Quenches at and below criticality in the quantum O(N) model generate gapless entanglement modes and logarithmic corrections to long-time entanglement entropy.

A machine-rendered reading of the paper's core claim, the machinery that carries it, and where it could break.

The paper shows that the dynamical phase transition leaves clear marks in the subleading structure of entanglement entropy after a quench. While the leading term follows the usual volume law from ballistic spreading, the corrections below and at the critical point come from gapless low-energy modes whose scaling is set by the dynamical exponent. These features are extracted using exact large-N correlation functions on an infinite-slab bipartition. The result ties the infrared entanglement spectrum directly to the post-quench emergence of long-range correlations.
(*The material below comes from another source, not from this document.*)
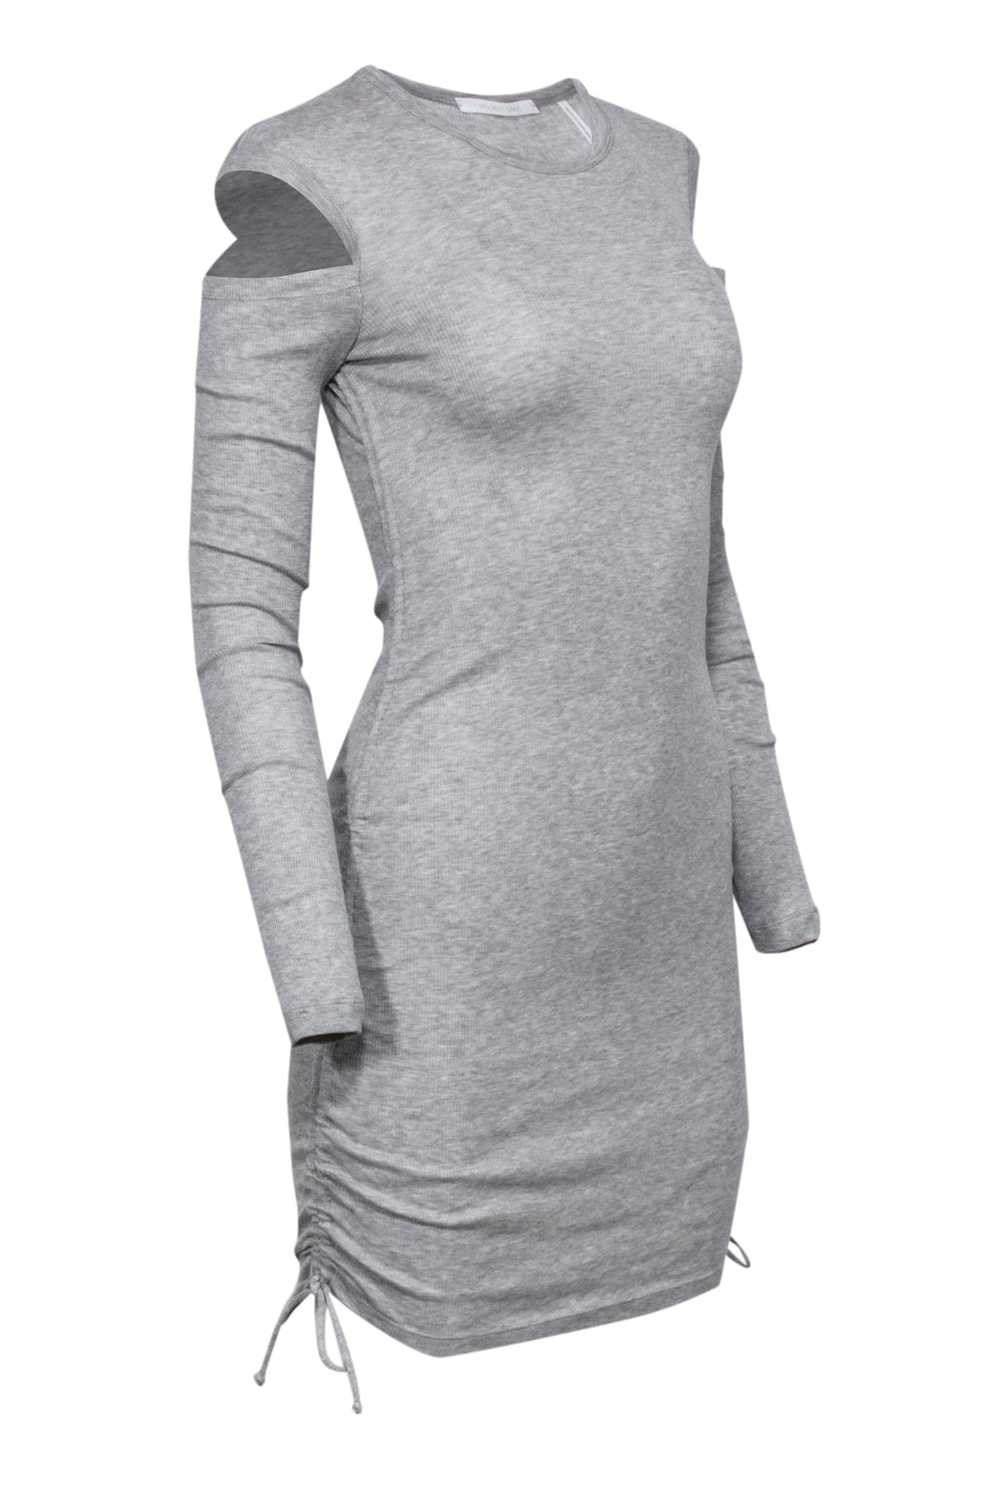 Helmut Lang - Grey Ribbed Cold Shoulder Long Slee… - image 2

Entanglement eigenmodes further display distinctive spatio-temporal patterns and degeneracies that track the different dynamical regimes.

Core claim

The dynamical phase transition of the quantum O(N) model at large N imprints universal signatures on the infrared entanglement spectrum: quenches at and below the critical point produce gapless low-energy entanglement modes together with logarithmic corrections to the long-time entanglement entropy, with the scaling governed by the dynamical exponent of the transition.

What carries the argument

Infinite-slab bipartition geometry together with exact numerical two-point correlation functions in the large-N limit, which isolate the universal infrared entanglement spectrum and its scaling laws.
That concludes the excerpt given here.